Output only the lines from the line holding "Adults' Midweight Baselayer" through the close of the records, exactly as they appear, with all pictures omitted.

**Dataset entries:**
* * * * * * * * *
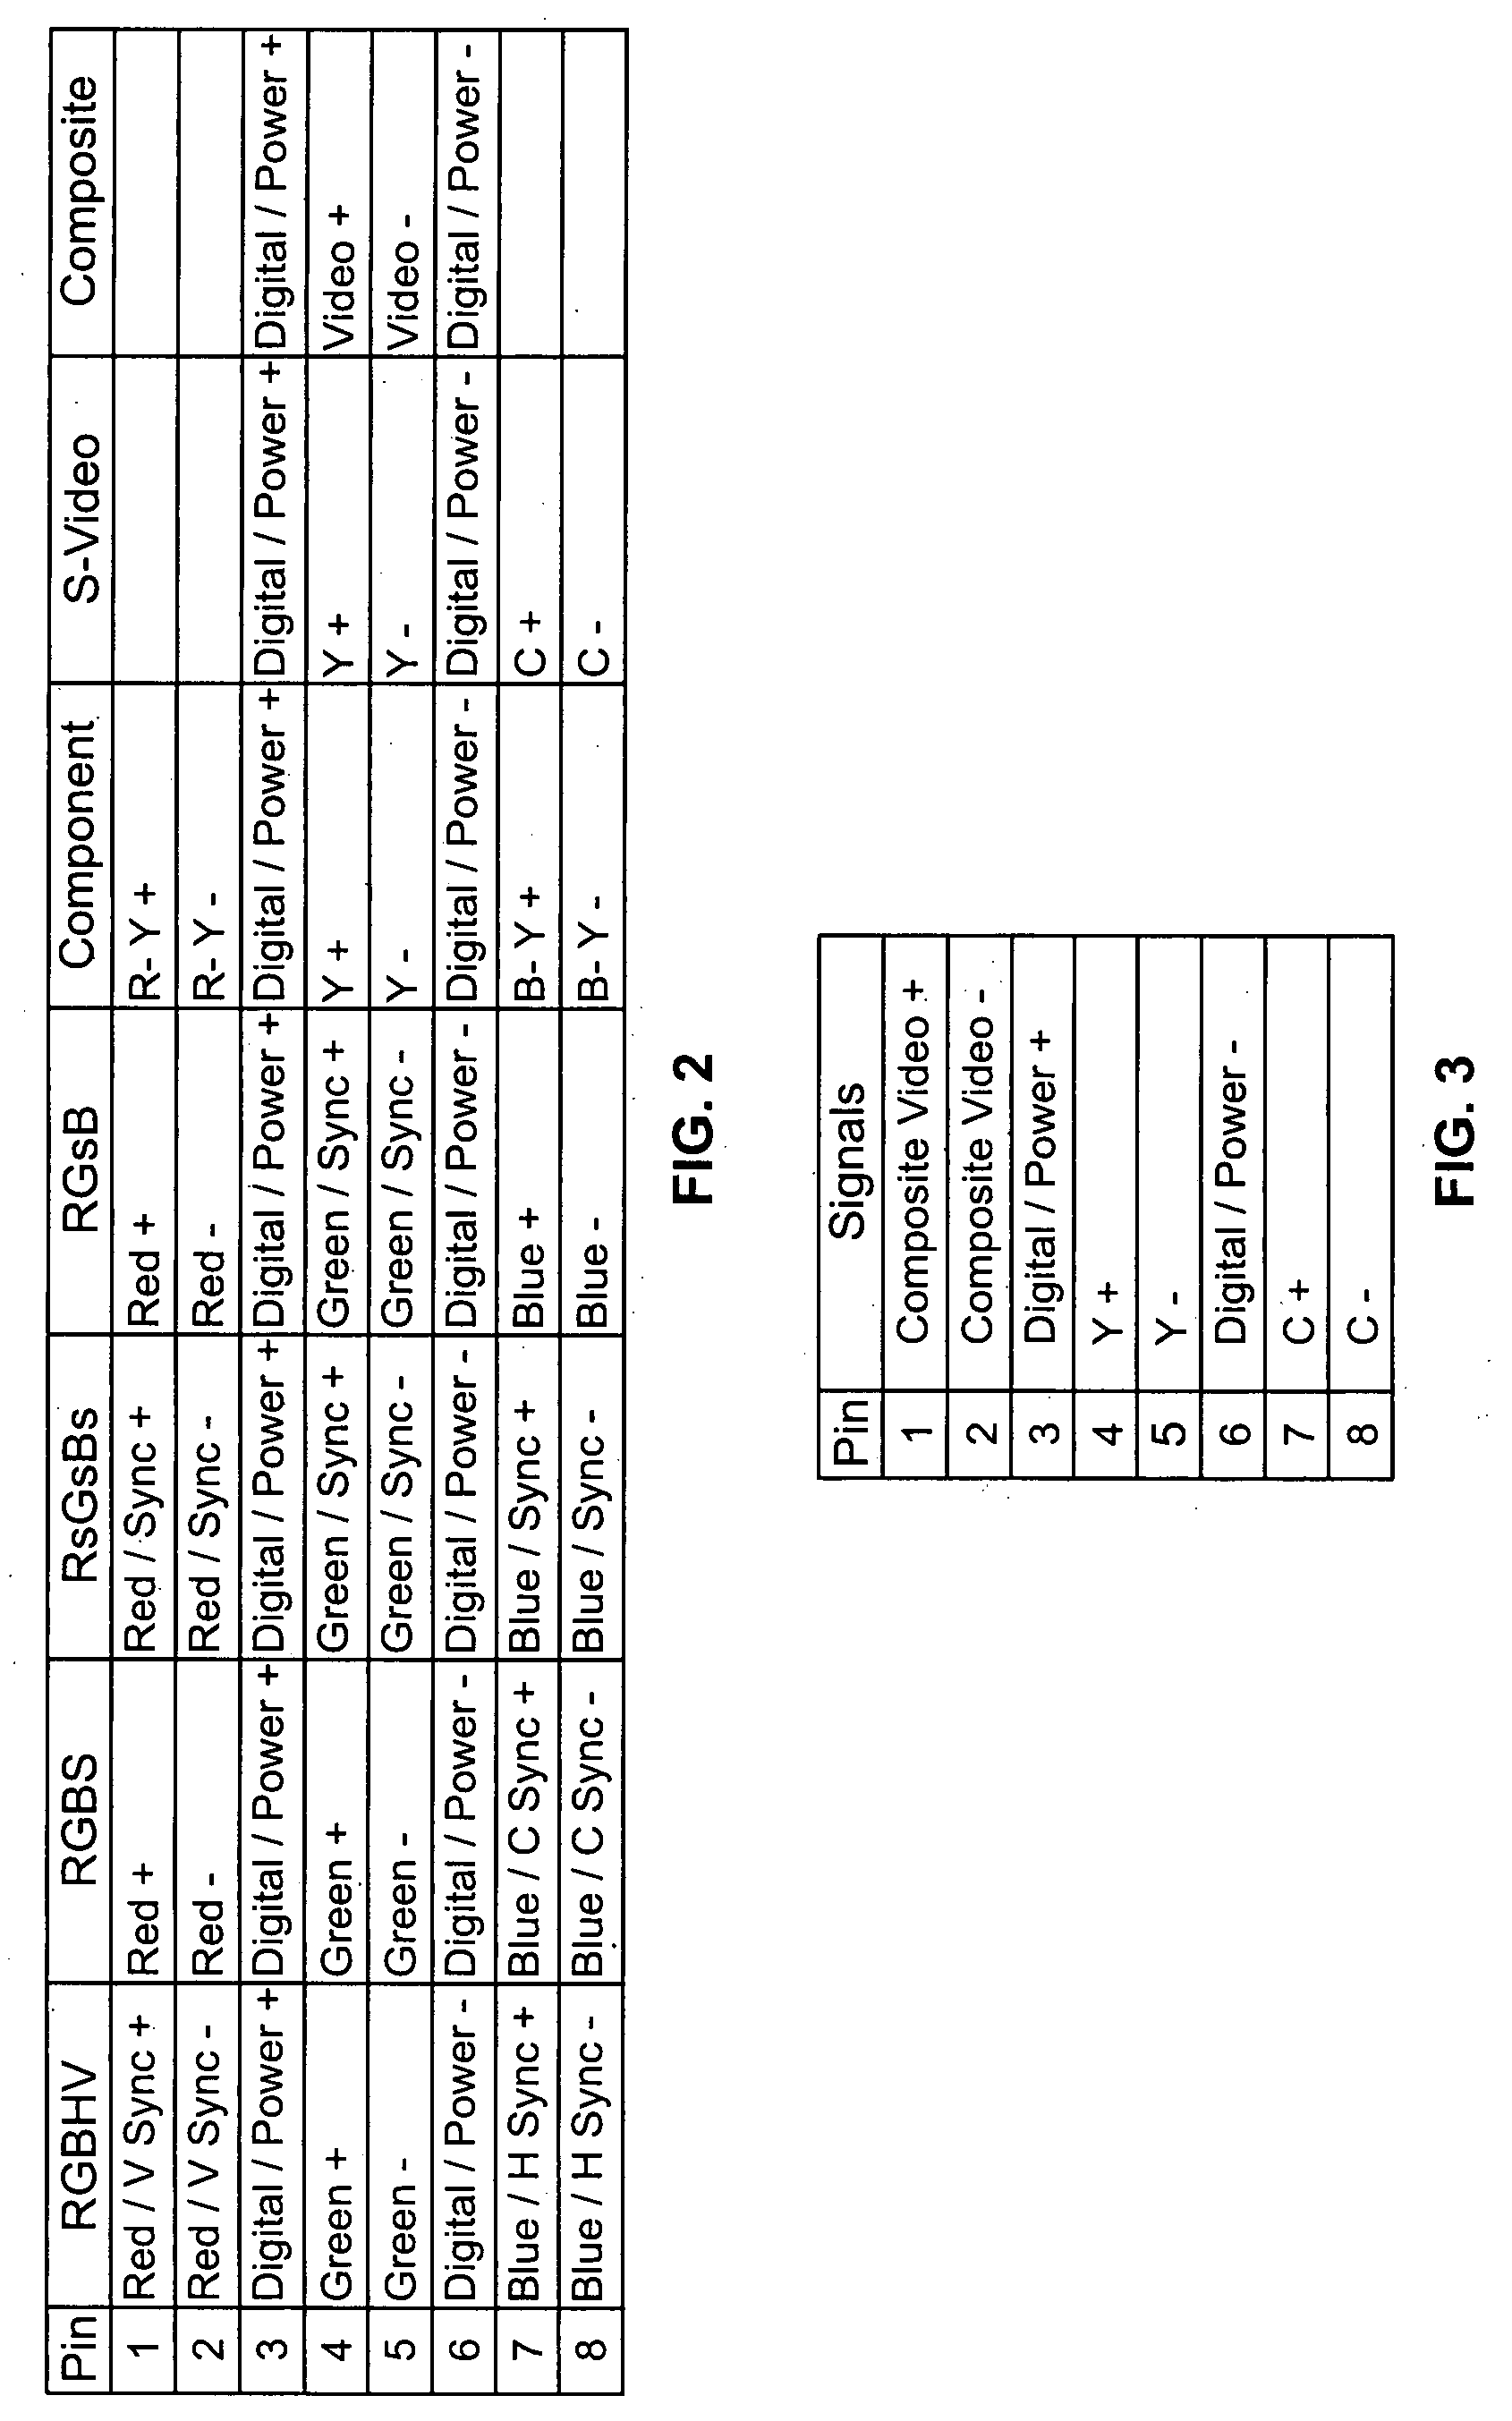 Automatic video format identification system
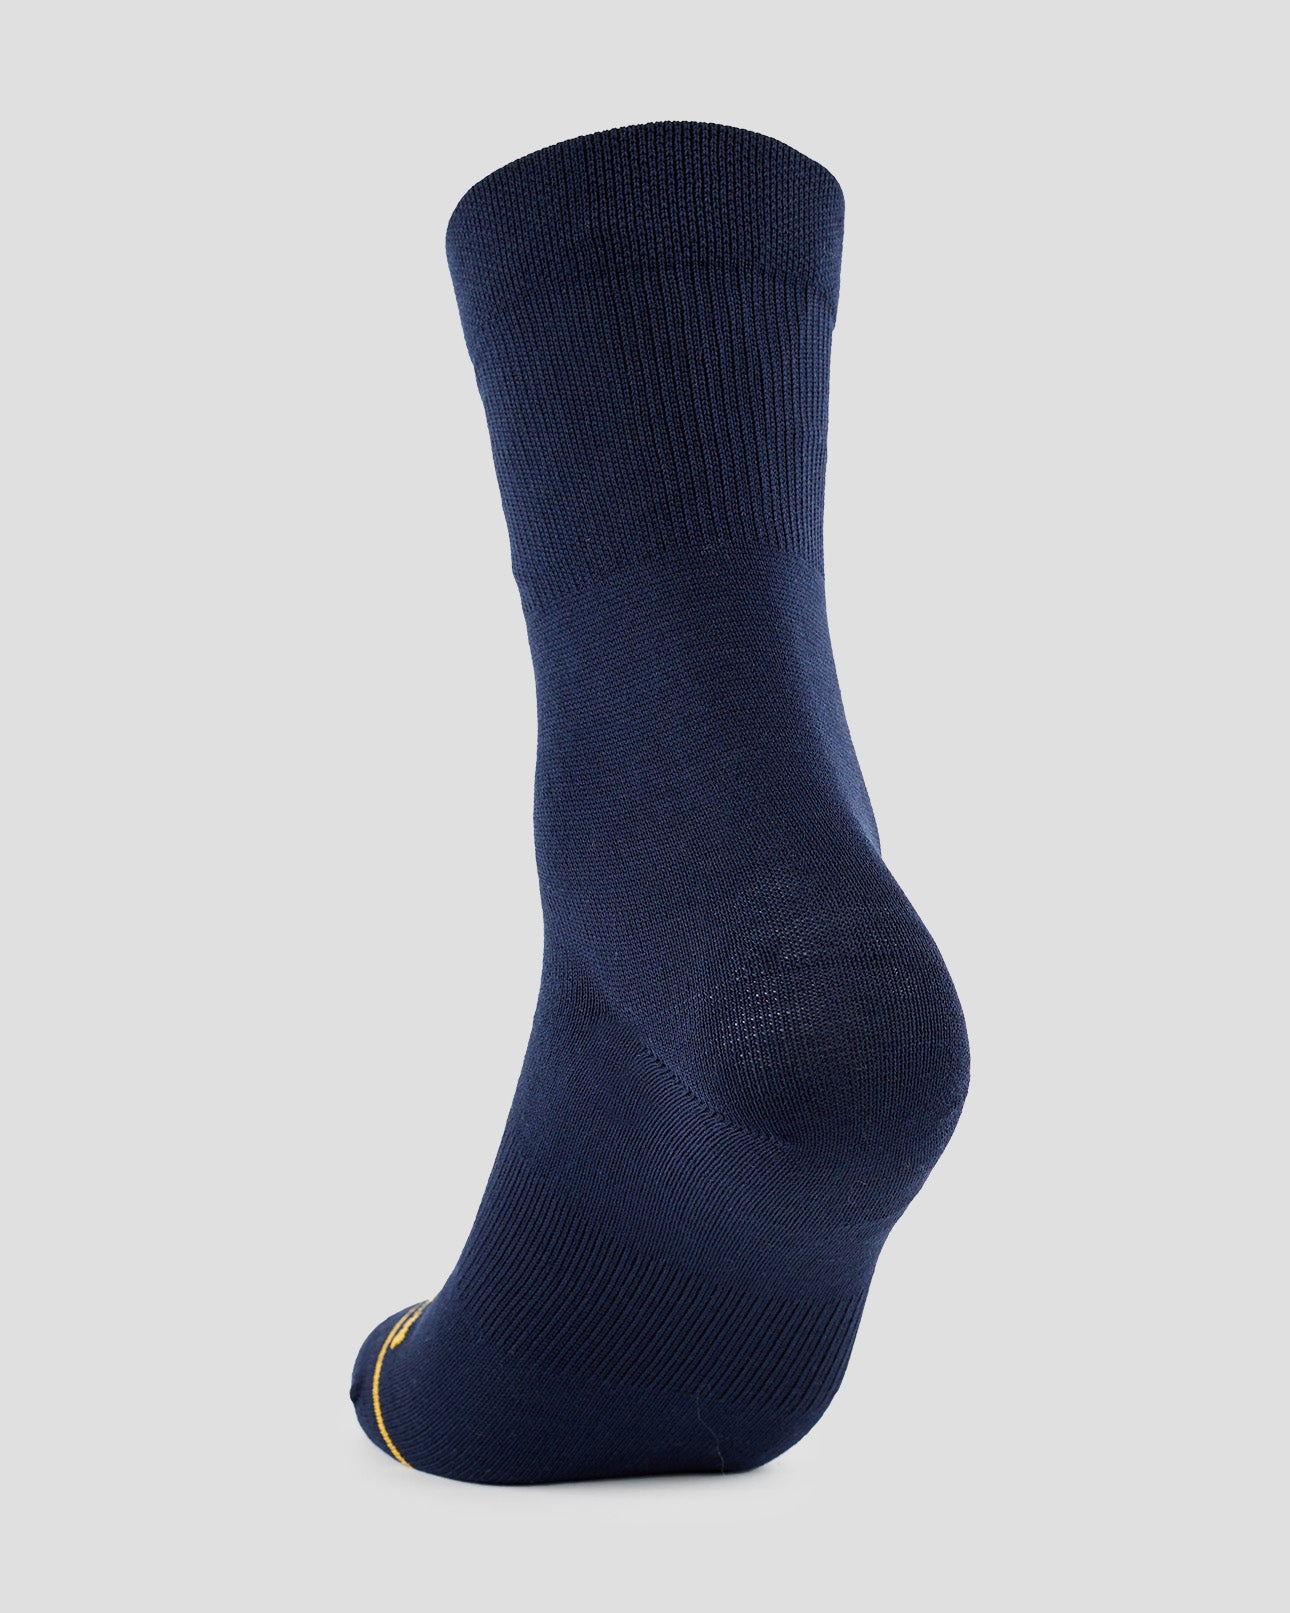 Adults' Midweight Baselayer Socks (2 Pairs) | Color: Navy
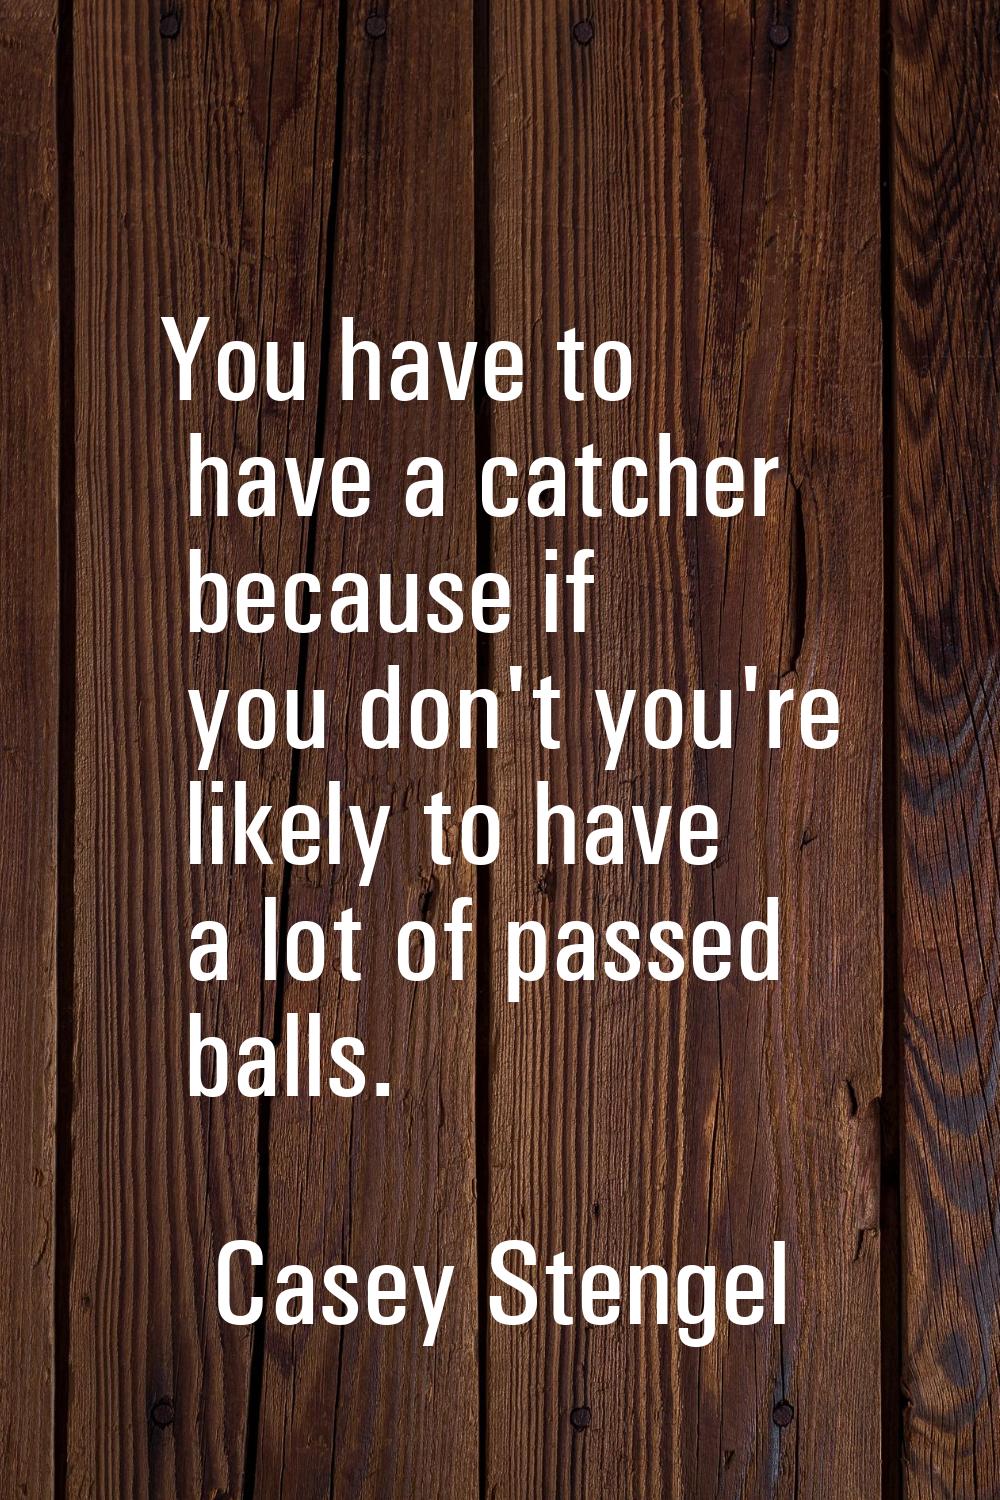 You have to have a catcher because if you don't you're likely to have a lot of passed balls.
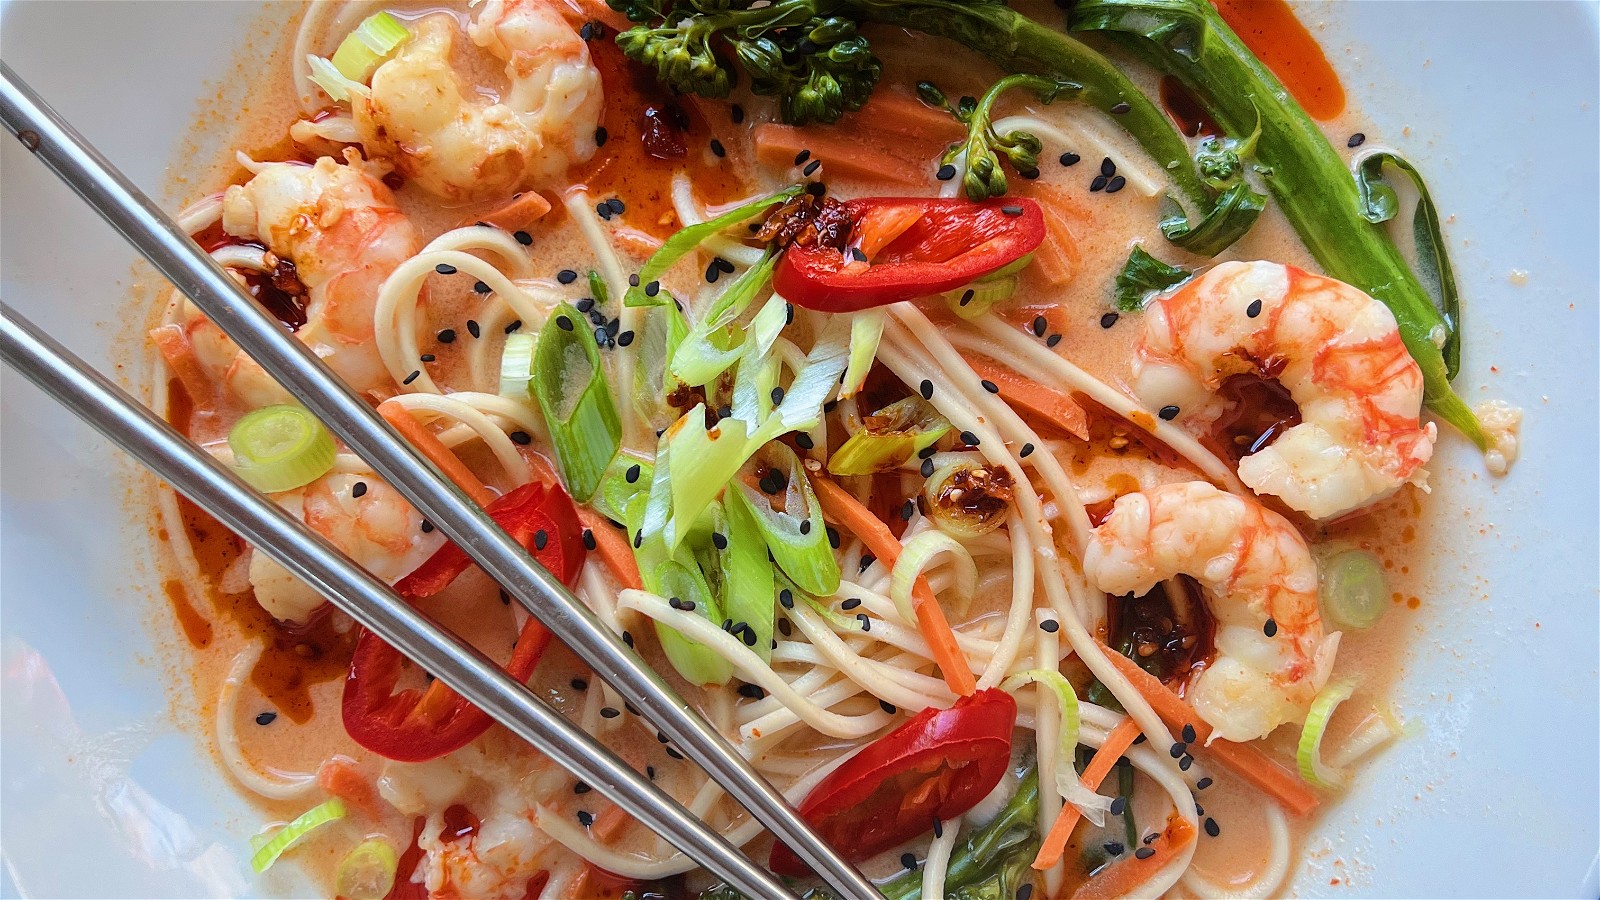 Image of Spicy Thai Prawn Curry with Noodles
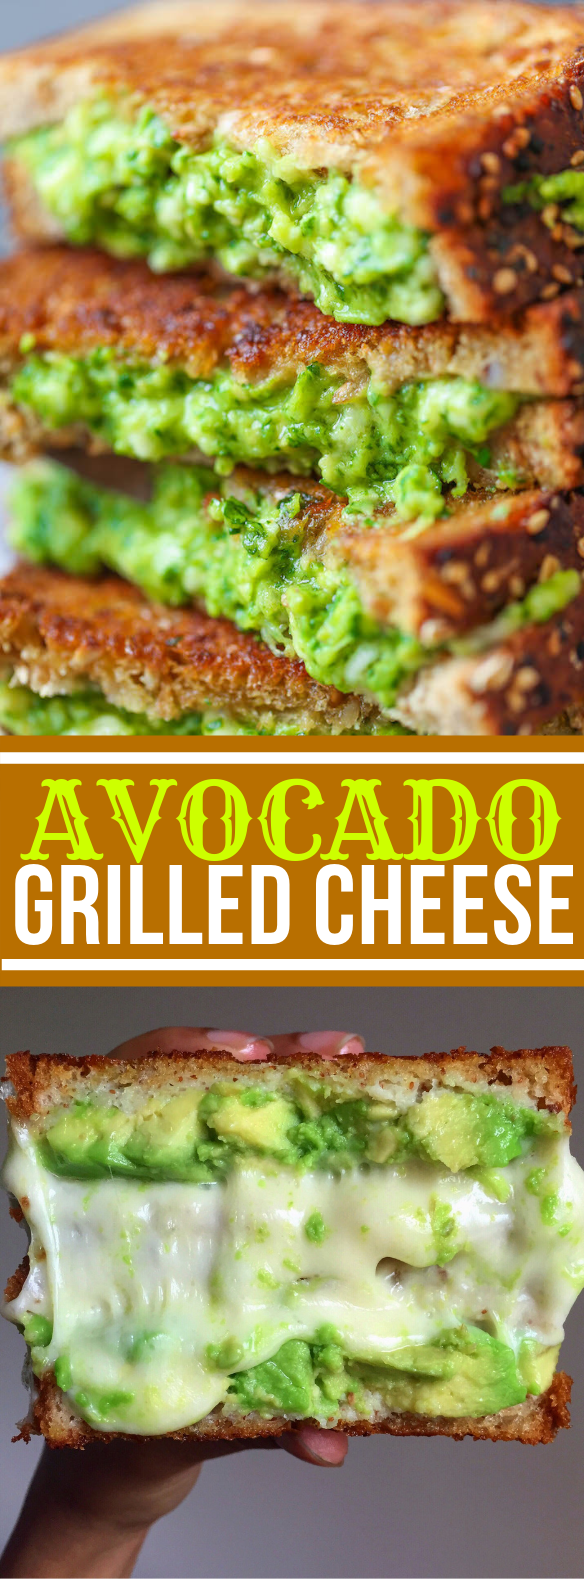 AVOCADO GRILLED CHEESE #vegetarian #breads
* * * * * * * * *
**REPLY:**
 Adults' Midweight Baselayer Socks (2 Pairs) | Color: Navy
 You have to have a catcher because if you don't you're likely to have a lot of passed balls.
 Image of Spicy Thai Prawn Curry with Noodles
 AVOCADO GRILLED CHEESE #vegetarian #breads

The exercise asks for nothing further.